His parents were Charles, seigneur de Villiers and Jeanne du Montel.
He was grandson of Robert de Sorel and Antoinette des Essarts, and great-grandson of Florent de Sorel.[1]
On 23 March 1699 in Rennes he married Marie Louise Marguerite de Marnière.
They had a boy, Charles Gilles Léon (2 January 1701 – 24 May 1767).[2]
In 1708 he married Catherine Allain, widow of Cosme de Séran.[1]
His daughter Marie-Catherine married in 1729 to Jacques-Etienne-Louis Texier, Comte d'Hauteville, an army captain.[3]
Career
Léon marquis de Sorel, became a captain of the Navarre Infantry.
On 3 January 1693 he was appointed inspector of naval troops at Brest, with the rank of ship-of-the-line captain (capitaine de vaisseau), one of three such inspectors in the navy.[4]
On 1 September 1718 Sorel was named governor general of Saint-Domingue, succeeding Charles Joubert de La Bastide, marquis de Chateaumorand.[2][5]
He was received by the council at Le Cap (Cap-Haïtien) on 10 July 1719, and by the council at Léogâne on 13 November 1719.[5]
Soon after Sorel arrived in Saint-Domingue he approved a plan by the military engineer Amédée-François Frézier to replace the decaying barracks at Le Cap-Français with a new masonry buildings, as well as other buildings such as the powder storehouse and the king's storehouse.
However, the council also had to approve the expenditure, and the colony could not afford it.[6]
Sorel pushed hard for the work to be done, and eventually the superintendent of finance, Jean-Jacques Mithon de Senneville, agreed to support it.[6]
Construction of the barracks had begun by January 1720, using stone imported as ballast from France.[7]
By August 1721 the barracks were almost complete.
The total cost had been 500,000 livres, and the colony's budget was exhausted.[8]
^Some sources wrongly give Léon de Sorel's name as Léon Dyel de Sorel.

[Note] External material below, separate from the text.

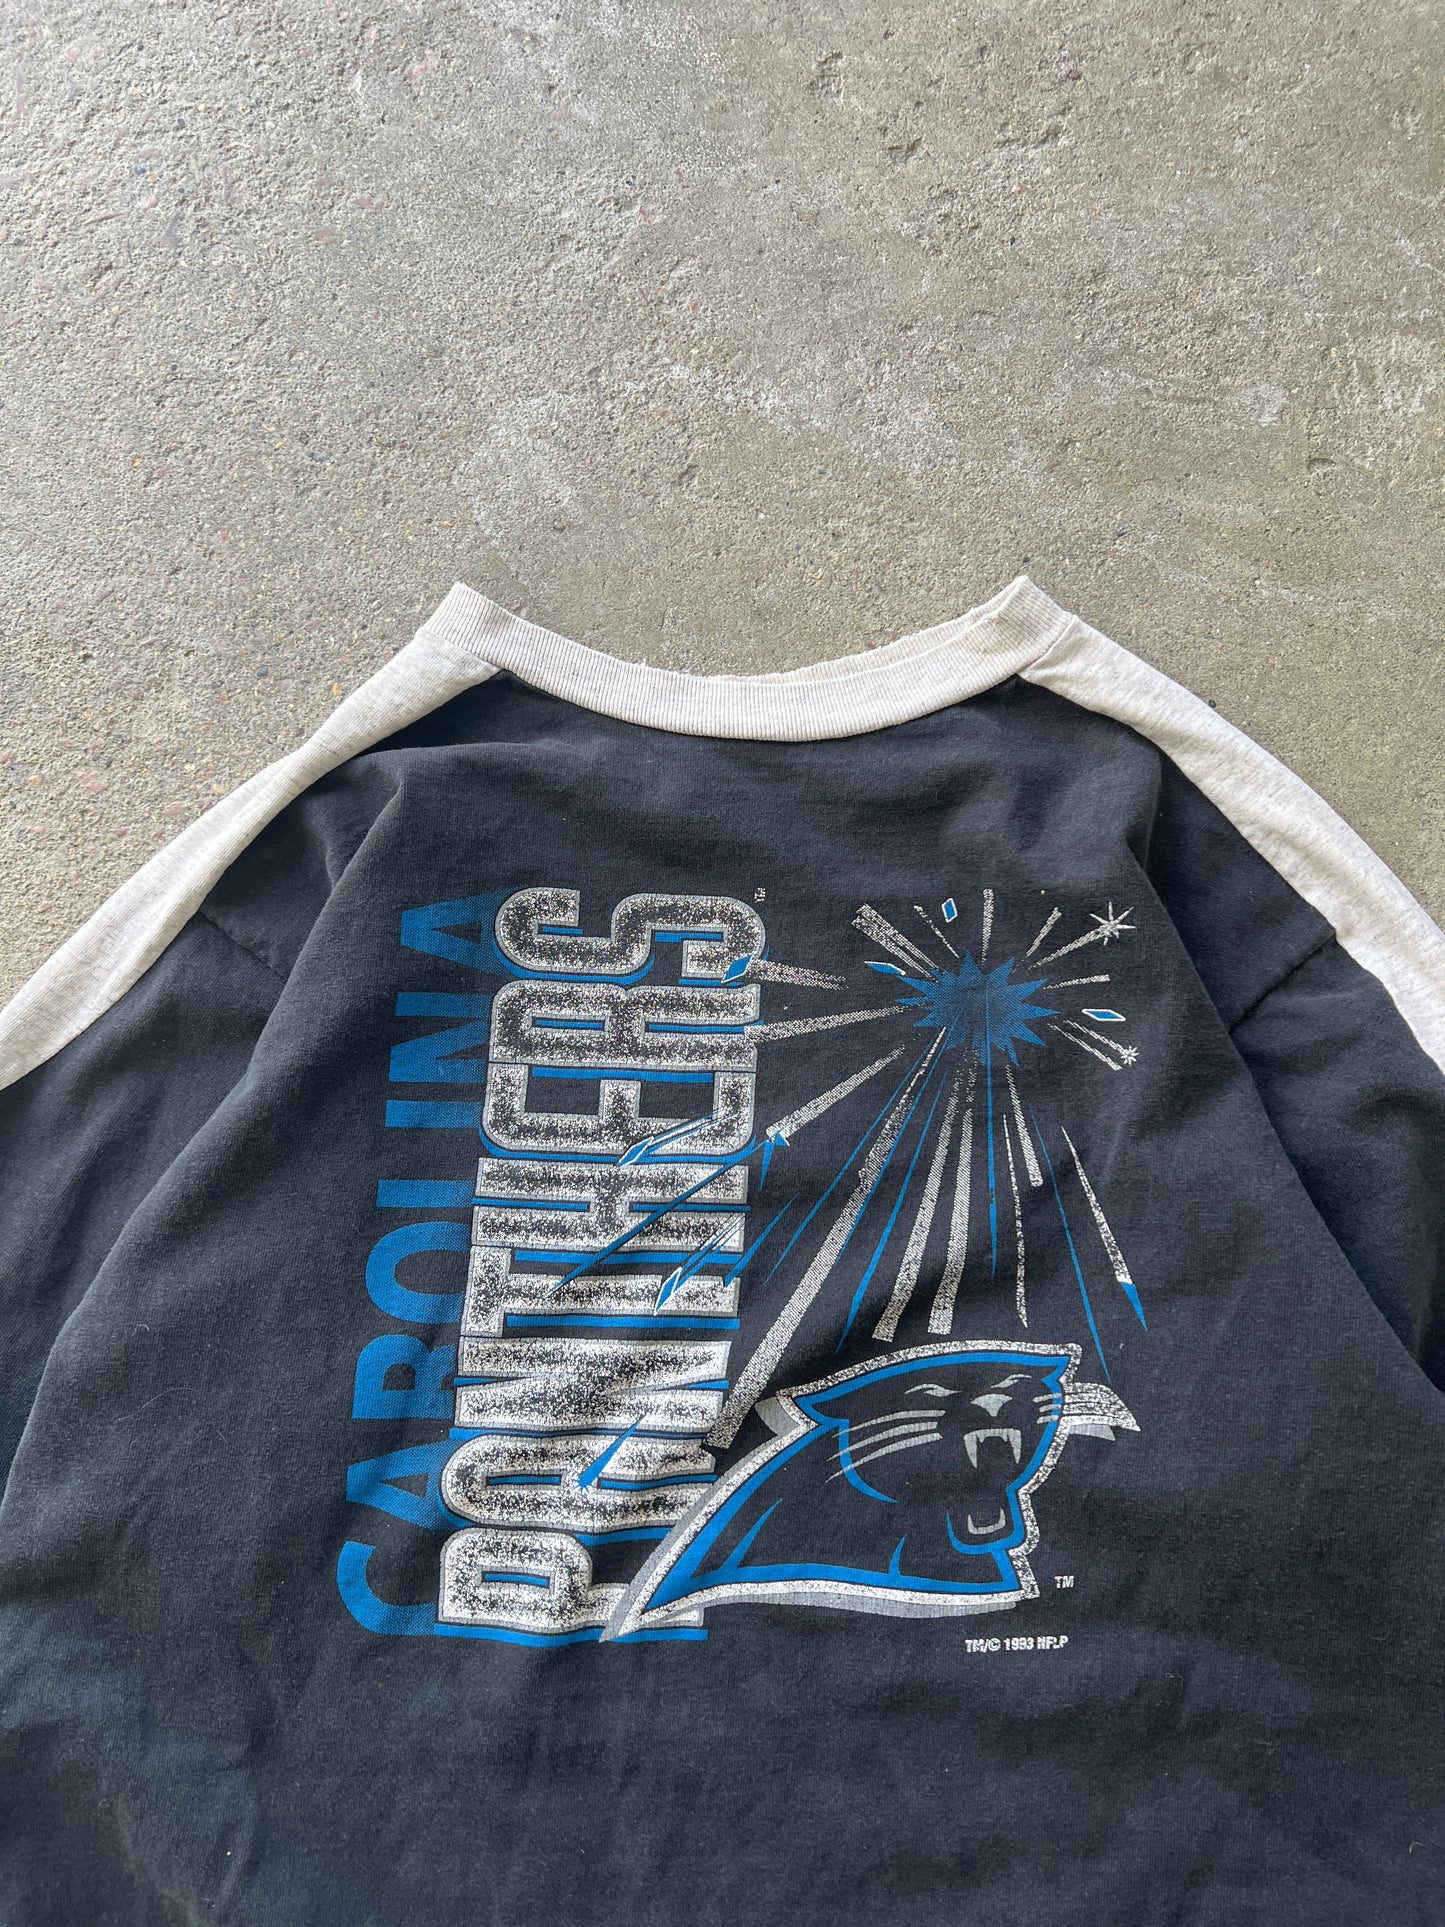 Vintage Carolina Panthers Shirt - L

This is due to confusion with Jean Jacques Dyel, Comte de Sorel, son of Jacques Dyel du Parquet (1606–1658), first governor of Martinique.
He bought the estate of Sorel in 1667 from the Duke of Chevreuse.
He styled himself comte de Sorel, as did his son François Jacques and his cousin Jean Dyel de Graville Duparquel.